What is being asked: Reproduce precisely the lines of the material below from the line containing "covers Part 74 51" up to and including its last line. Pictures must not be copied.

Exercise data:
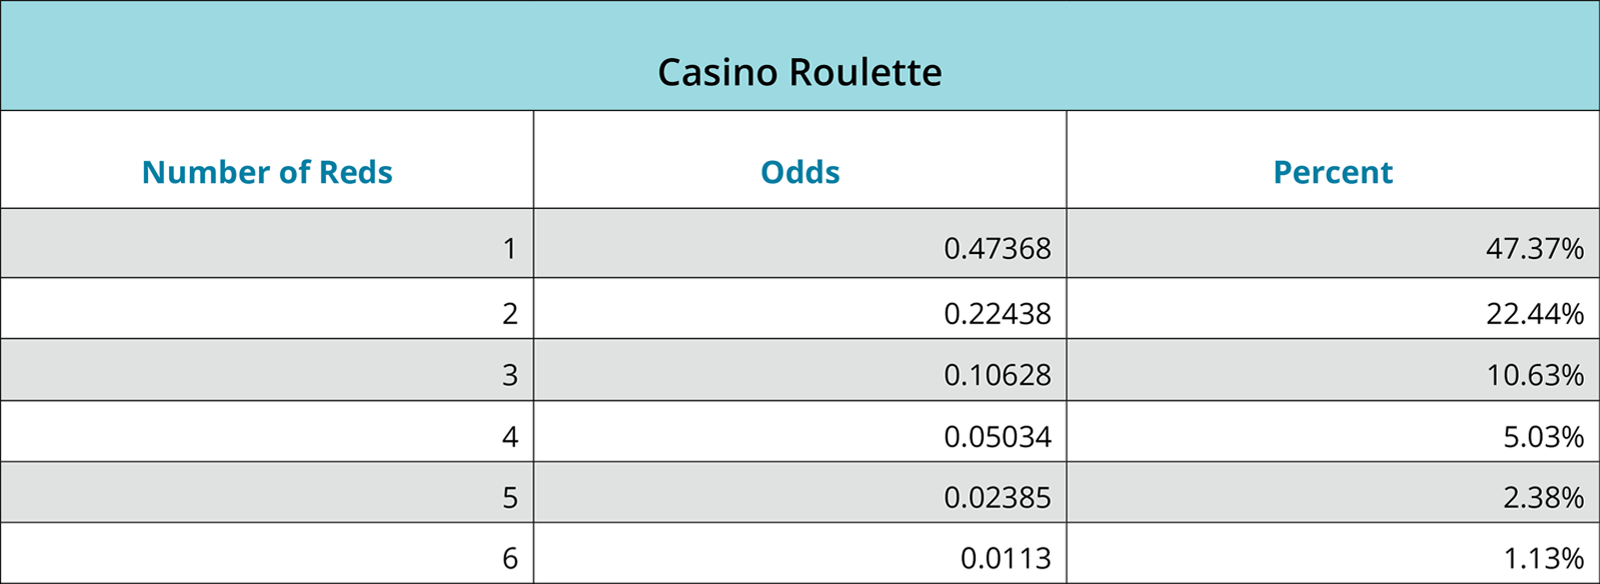 This is a data table of Casino Roulette events with three data column headers: number of reds, odds, and percent. The six observations under the Number of Reds column are 1 2 3 4 5 6. The six observations under the Odds column are 0.473684 0.224377 0.106284 0.050345 0.023848 0.011296. The six observations under the percent column are 47.37 percent 22.44 percent 10.63 percent 5.03 percent 2.38 percent 1.13 percent.
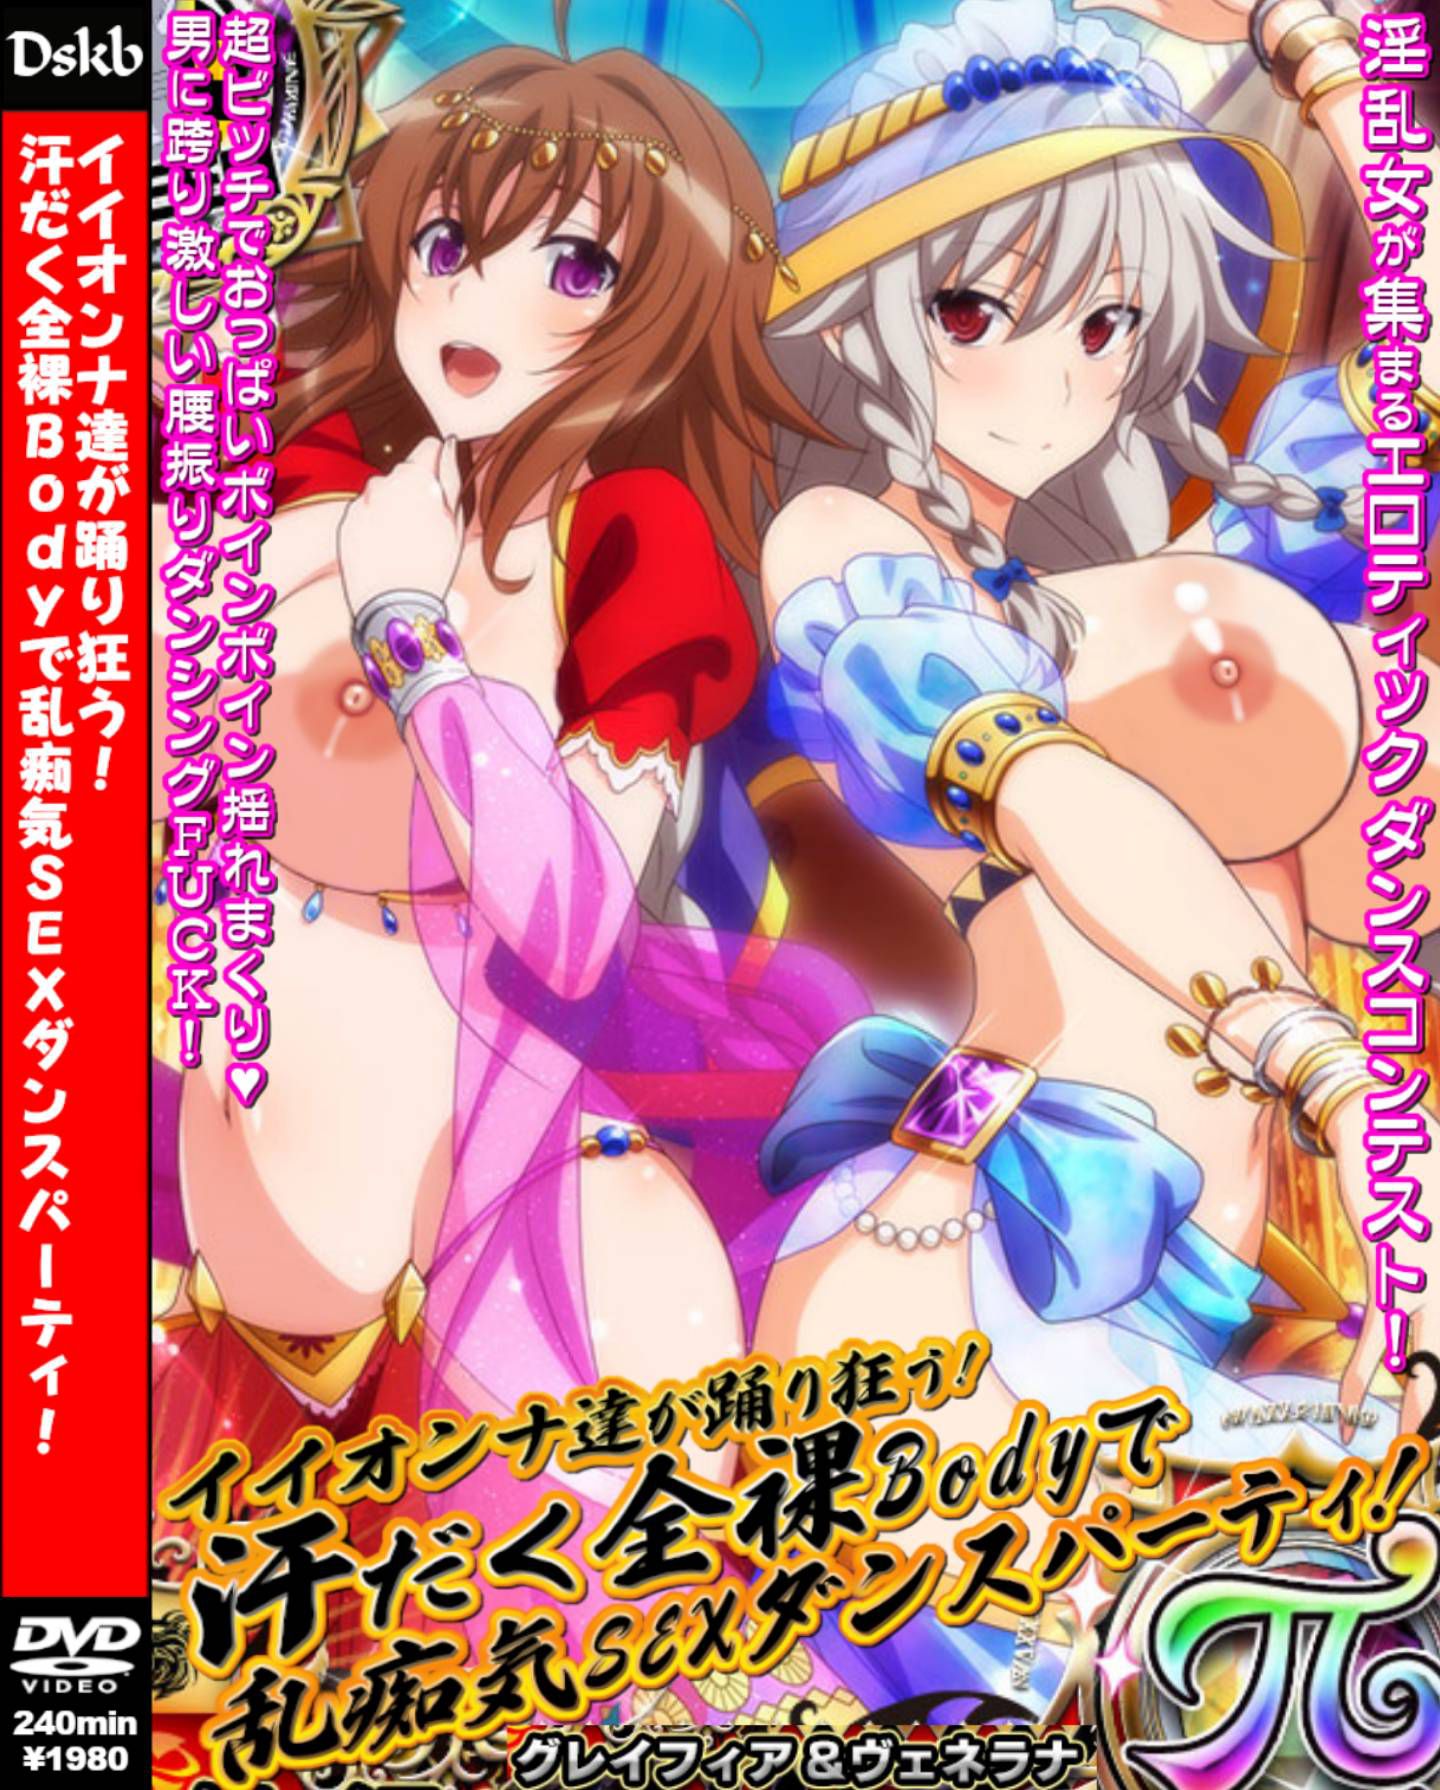 【AV Paquekora】 Anime characters that have been made into AV packages and magazine covers Part 74 51
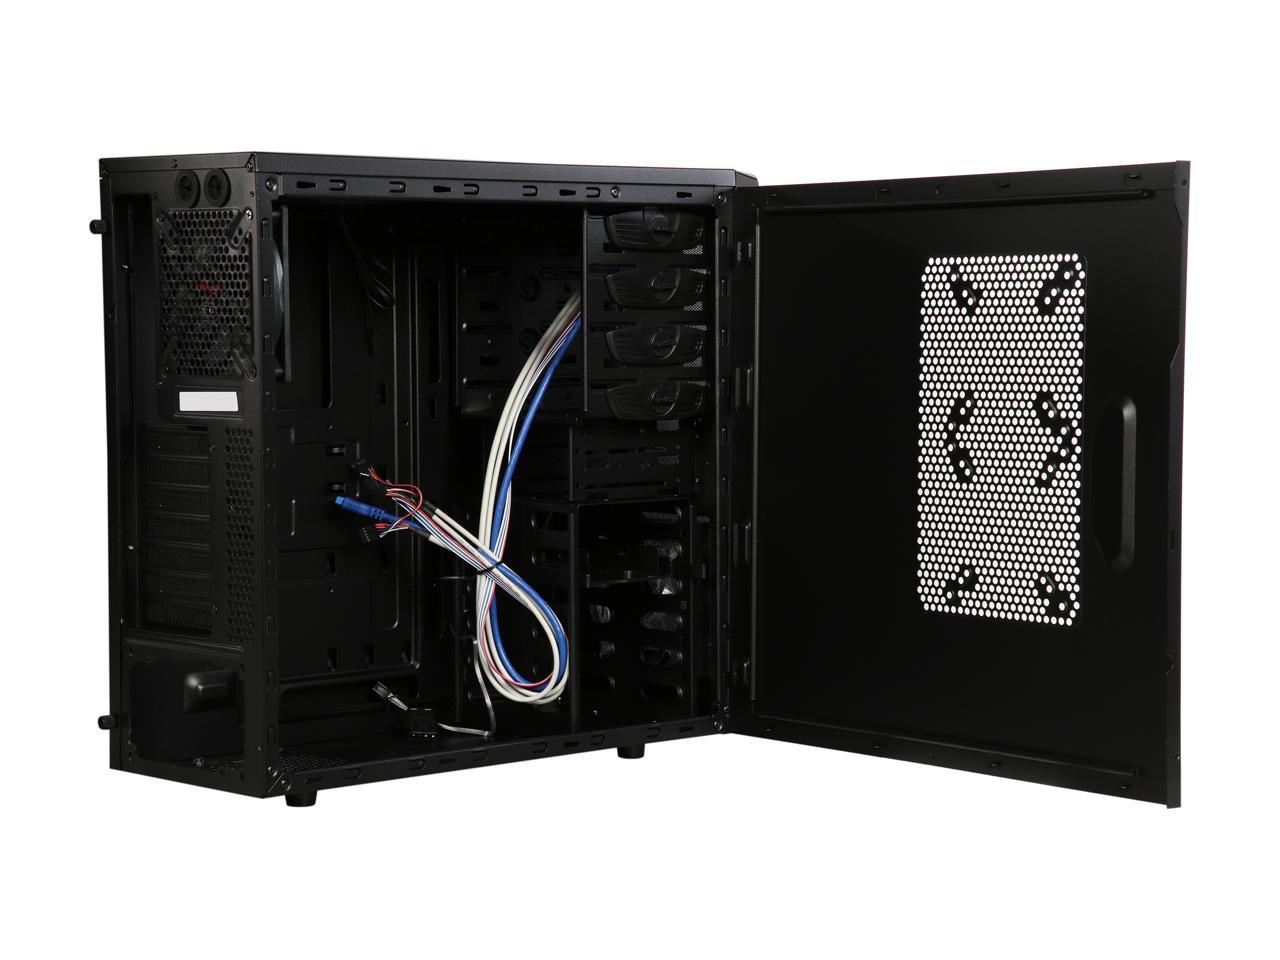 Rosewill Black Gaming ATX Mid Tower Computer Case, Three Included Fans, 1 x Front Blue LED 120mm Fan, 1 x Top 140mm Fan, 1 x Rear 120mm Fan, Two More Optional Side 120mm Fans Supported - CHALLENGER

Exercise answer:
 【AV Paquekora】 Anime characters that have been made into AV packages and magazine covers Part 74 51
 Rosewill Black Gaming ATX Mid Tower Computer Case, Three Included Fans, 1 x Front Blue LED 120mm Fan, 1 x Top 140mm Fan, 1 x Rear 120mm Fan, Two More Optional Side 120mm Fans Supported - CHALLENGER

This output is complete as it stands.